We are committing $55 million in the State of U.P. [over the next three to five years]. And we're going to work on a Memorandum of Understanding with the government. It was one of the things that came out of that meeting.

I asked Bill Gates about some questions that came up from the Lancet articles. You must have read that research reported in Lancet , which while praising the work of the Foundation said that the money could have been used better, that there were certain imbalances in its flow or in its distribution. There was criticism of what they called disproportionate allocations, to GAVI perhaps. Would you like to tell us what you think of this?

Yes. We are very interested in GAVI as an institution, the Global Alliance for Vaccine Immunisation. So we put our original investment in: it was $750 million over five years. And we felt so good about that investment that we came back and put another $750 million investment over ten years.

You know the great thing about GAVI is that it has this focus on two things. One is raising the immunisation rate around the world. And with that it means a decrease in the lead-time when we get a new vaccine in the U.K. or the U.S. or Japan, getting that out to the developing world. The other focus is that we work with pharma and biotech to come up with new vaccines specifically focussed on the developing world.
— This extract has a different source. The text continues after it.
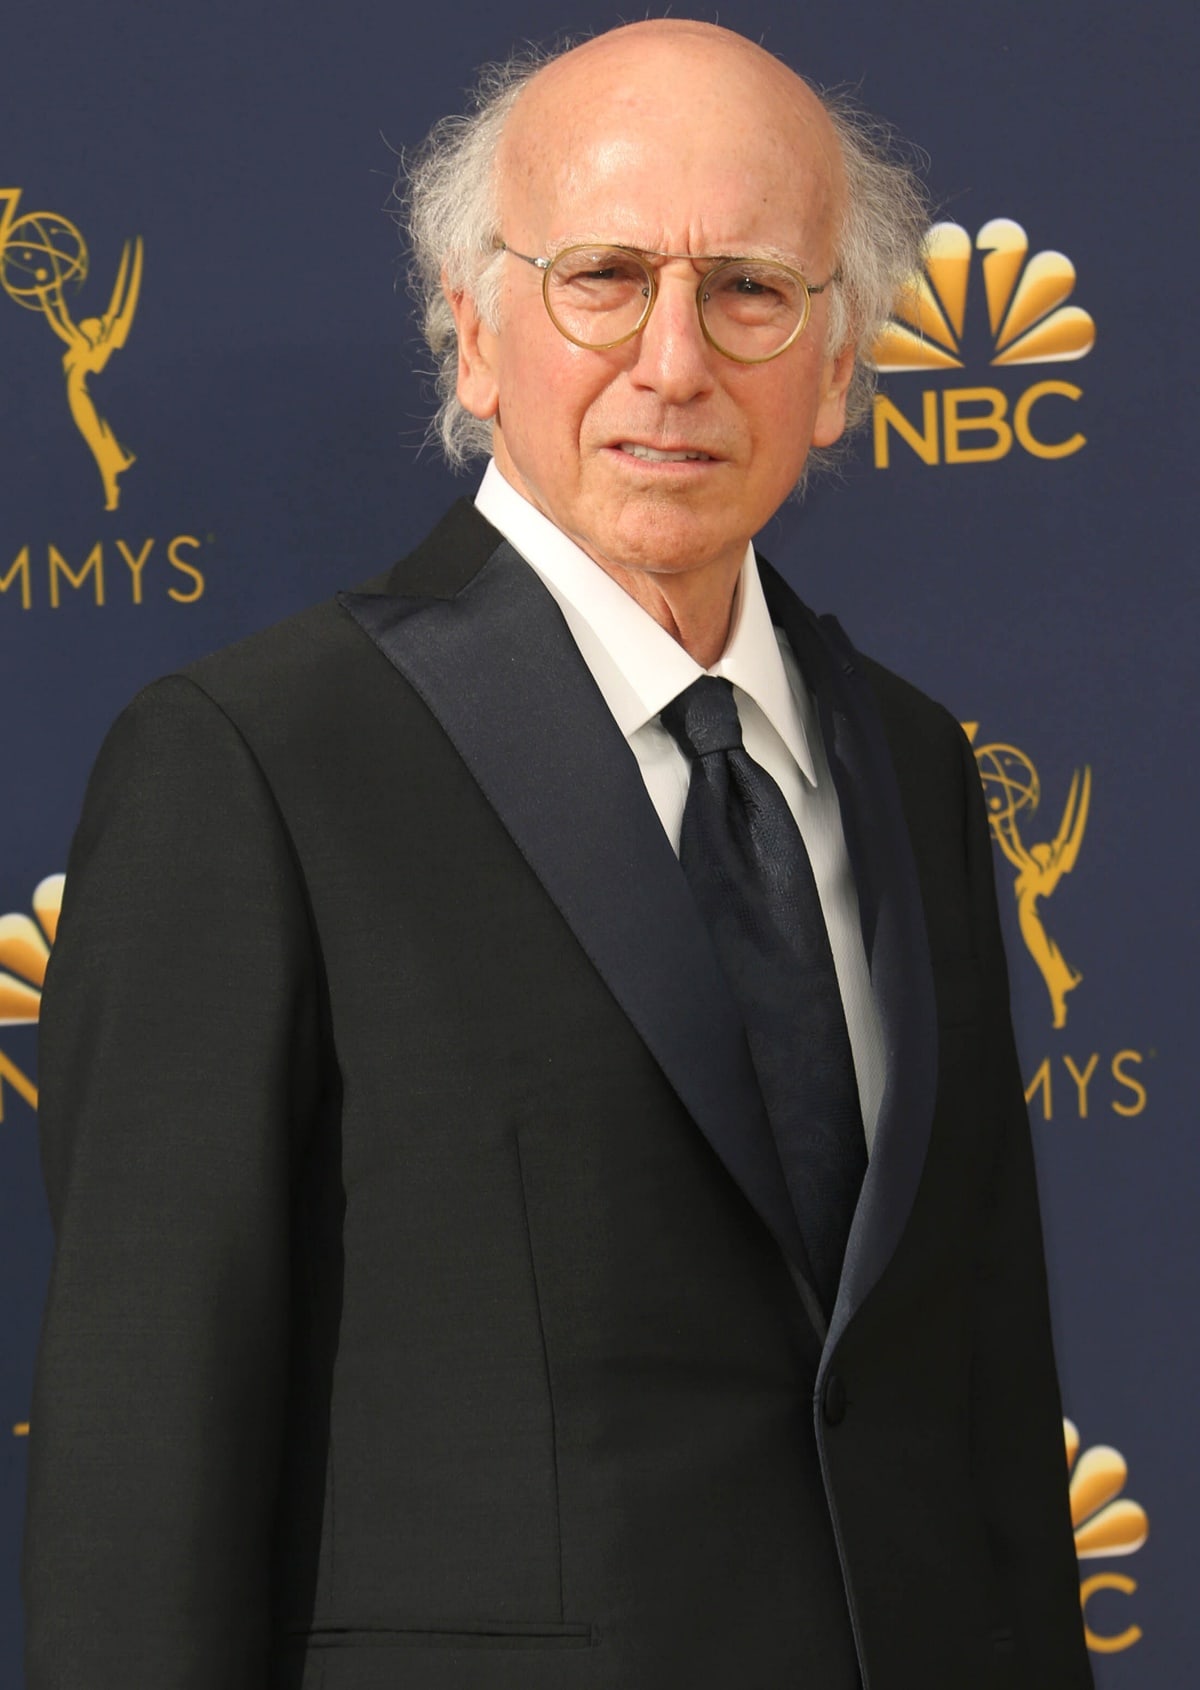 Larry David played George Steinbrenner, and he has an impressive $400 million net worth

There's a new one out around rotavirus, which is a diarrhoeal disease, one of the biggest killers of children. There's another new vaccine coming out for pneumococcus, which is pneumonia disease; it kills thousands of children in India. Those are two new vaccines GAVI will help get out in the countries. That's the big mechanism we use, GAVI, so we really believe in it.

The last question really is on the future of your Foundation. It's astonishing, the scale of your gifting and your actual work. As though this were not enough, Warren Buffett has augmented it. Could you tell us what this means, what the terms mean?
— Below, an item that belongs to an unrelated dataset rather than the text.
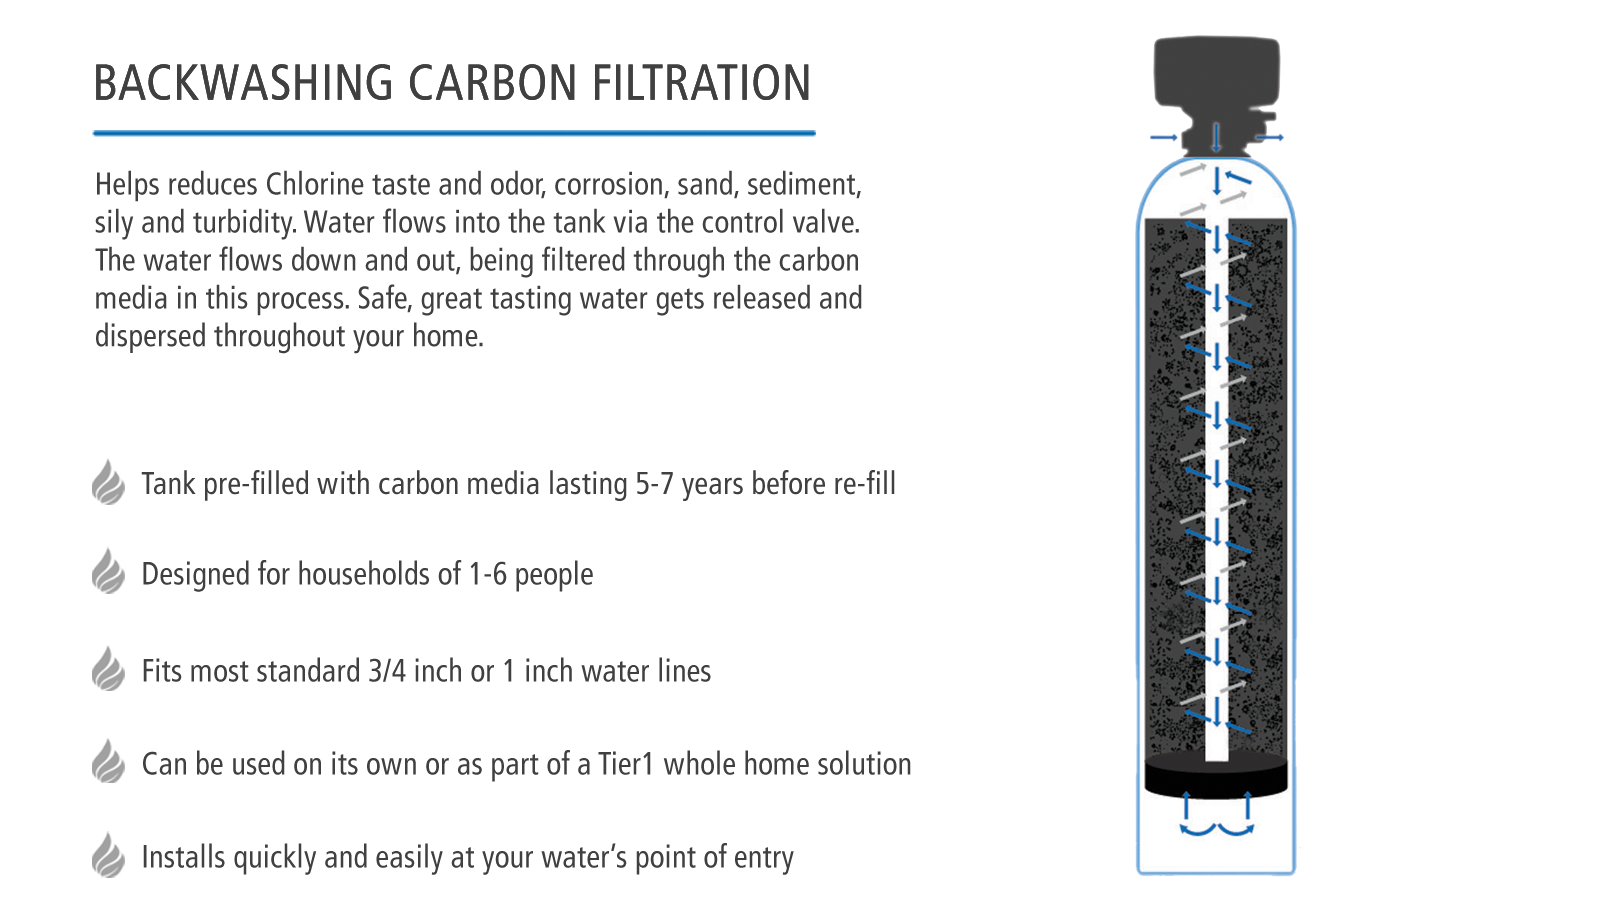 Precision Series Tier1 Whole House Water Filtration System for Chlorine, Taste & Odor Reduction for 4 - 6 Bathrooms

Bill and I were thrilled when Warren made that gift to the Foundation. What it allowed us to do is: we already were deep into this Global Health work. We'd already started doing things in Global Development, which were things like agriculture. Once people are living a healthy life, helping them have some means of lifting themselves out of poverty. So the agricultural work and the financial services for the poor work and some of the work in clean, modern sanitation, we'd started to do some pilots and experiments. When Warren's money came along, it really allowed us to start to scale that up. Because we'd always wanted to take our health work and do development around that as well. It's not really enough to help somebody live a healthy life. You want to help them lift themselves out of poverty. Warren's money allowed us to accelerate this group we call Global Development. It's absolutely fantastic.

We, like Warren, completely want to take the resources that we have from Microsoft and his Berkshire Gift and spend that basically on the problems of our lifetime. None of the three of us thinks there's a crystal ball that says 500 years from now…
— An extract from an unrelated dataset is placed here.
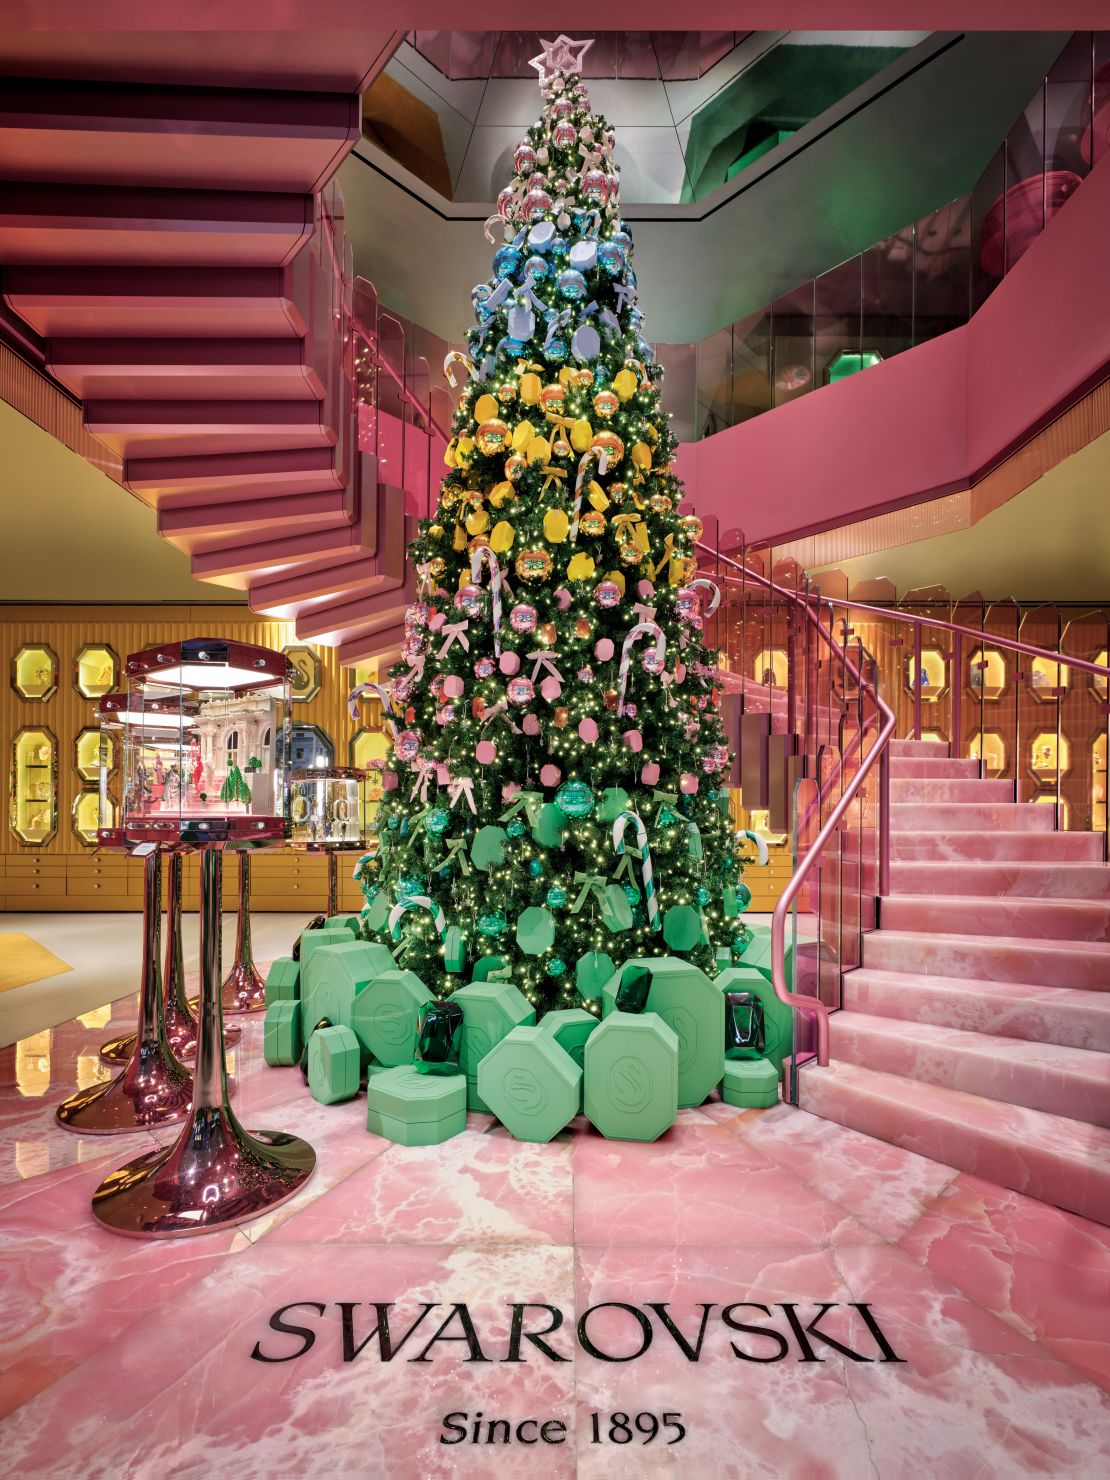 Given the season, the store currently features a large-scale Christmas tree, decorated in an ombré pattern with baubles whose color palette matches the space just so.

You are not looking to immortality?

We are not looking to immortality, none of the three of us! So Bill and I have made a commitment that 50 years after the last of the two of us has died — I'm pointing to myself because I'm younger but you never know — all our money would have been given away.

Having that premise, knowing that about Warren's gift, gets us to accelerate the work and makes us measure very, very carefully: ‘Is this another place we want to invest?' If you think there's some pressure in giving your own money away, believe me, giving out somebody else's money makes you really want to focus on ‘Are we getting the results?' And it's helped us think through the measurement and the evaluation as we go along.